In 1991, the land department issued an order closing the SRER to nearly all development. The order stated, in part, that “no applications will be accepted for surface or subsurface leases, permits, sales, rights-of-way or mineral claim location.”

 

But in 2017 and again in 2023, the land department used a bureaucratic process to sidestep the legislative restrictions by opening the SRER for 24 hours to add rights-of-way sought by Toronto-based Hudbay Minerals Inc. Hudbay intends to use the SRER rights-of-way to construct high-tension power lines, communications lines, and water and tailings pipelines needed to operate the Copper World mine complex.

 

“The Legislature did not authorize the land department to create a bureaucratic scheme to grant a foreign mining company industrial rights-of-way across the ecologically sensitive range,” said Nan Walden, chief counsel for Farmers Investment Co. “The land department is illegally treating the range as if it was just another piece of state property to be developed when clearly it is not.”

 

SSSR’s and FICO’s win in the Open Meeting Law case provides the opportunity to challenge the Copper World 2023 right-of-way.

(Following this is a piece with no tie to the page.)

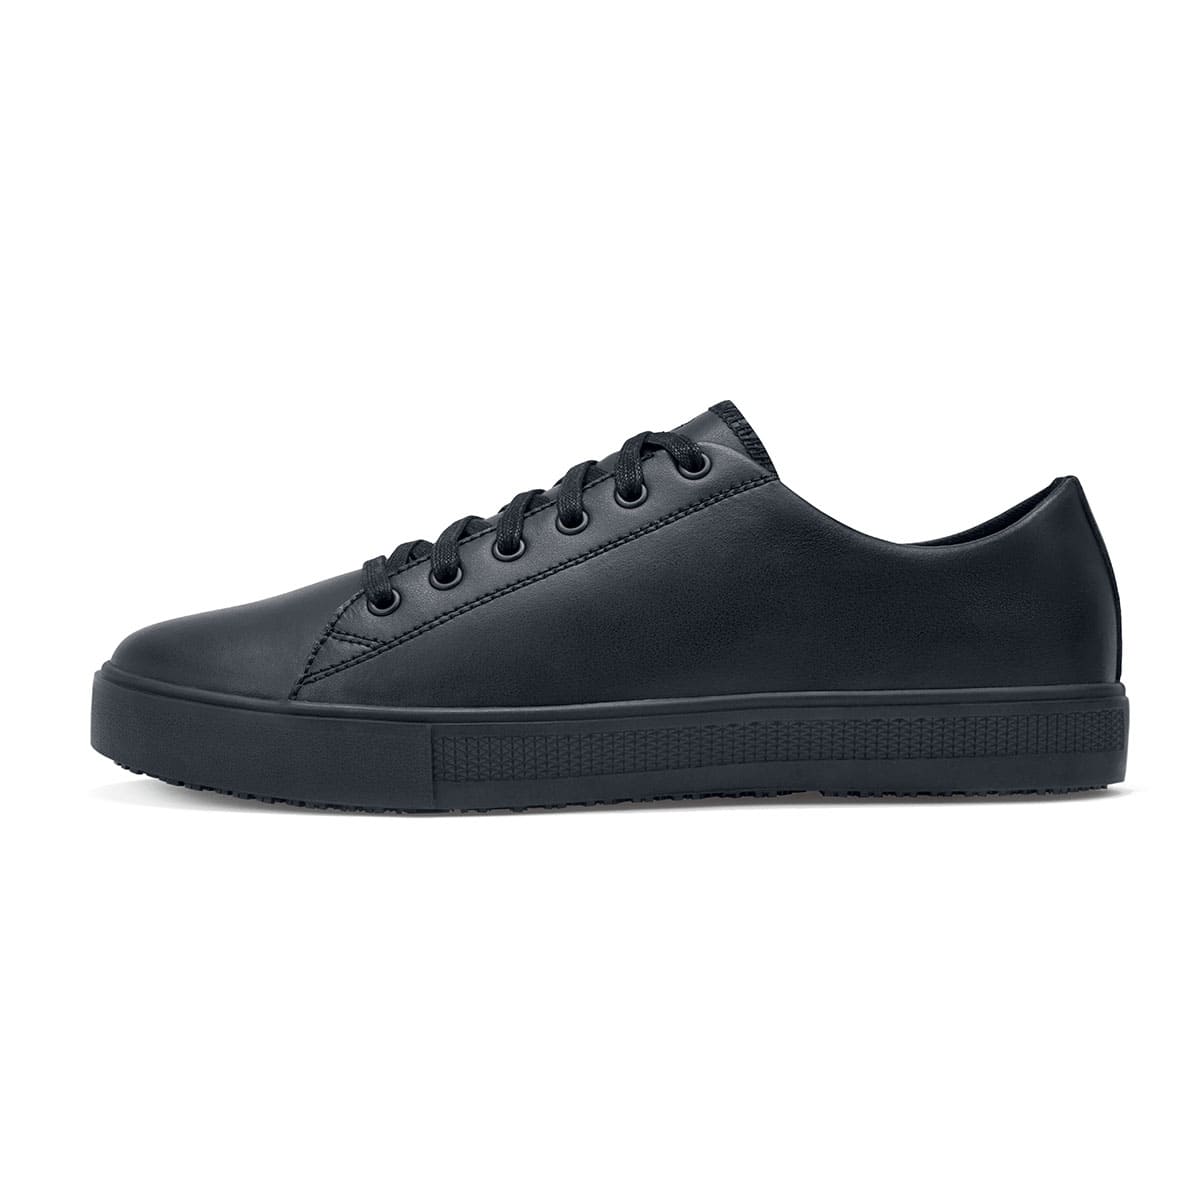 The Old School Low-Rider Black Gladiator Outsole from Shoes For Crews is a slip resistant lace-up shoe designed to provide confort throughout the day, seen from the left.

A Maricopa County Superior Court ruled on Sept. 9 that the land department’s Board of Appeals violated the Open Meetings Law in December 2022 when it approved the department’s recommendation for the Copper World right-of-way without publicly disclosing it would be used for mine tailings.

 

The court ruled the Board of Appeals approval of the department’s right-of-way recommendation was “null and void.” The court gave the Board of Appeals 30 days to correct the Open Meeting Law violation. The board held an Oct. 8 special meeting where it reapproved the land department’s 2022 right-of-way recommendation, but once again did not state that the right-of-way would be used for tailings pipelines.

 

SSSR and FICO responded Tuesday by filing an administrative appeal with Maricopa County Superior Court asking the court to review the Board of Appeal’s Oct. 8 decision to reapprove the right-of-way and the land department’s granting of the right-of-way.

 

Copper World plans to construct a series of open pit copper mines on the east and west sides of the Santa Rita Mountains about 35 miles southeast of Tucson. The project includes the Rosemont pit on the east flank of the mountain. Copper World intends to dump hundreds of millions of tons of mine waste on private land immediately east of the SRER.

 

“We will continue to pursue all legal options to stop this horrific mining project that will destroy the northern half of the Santa Rita Mountains, deplete billions of gallons of groundwater from the Santa Cruz River valley, pollute the air, dump hundreds of millions of tons of toxic mine tailings near existing neighborhoods and schools all to mine copper that will be exported overseas,” Peters said.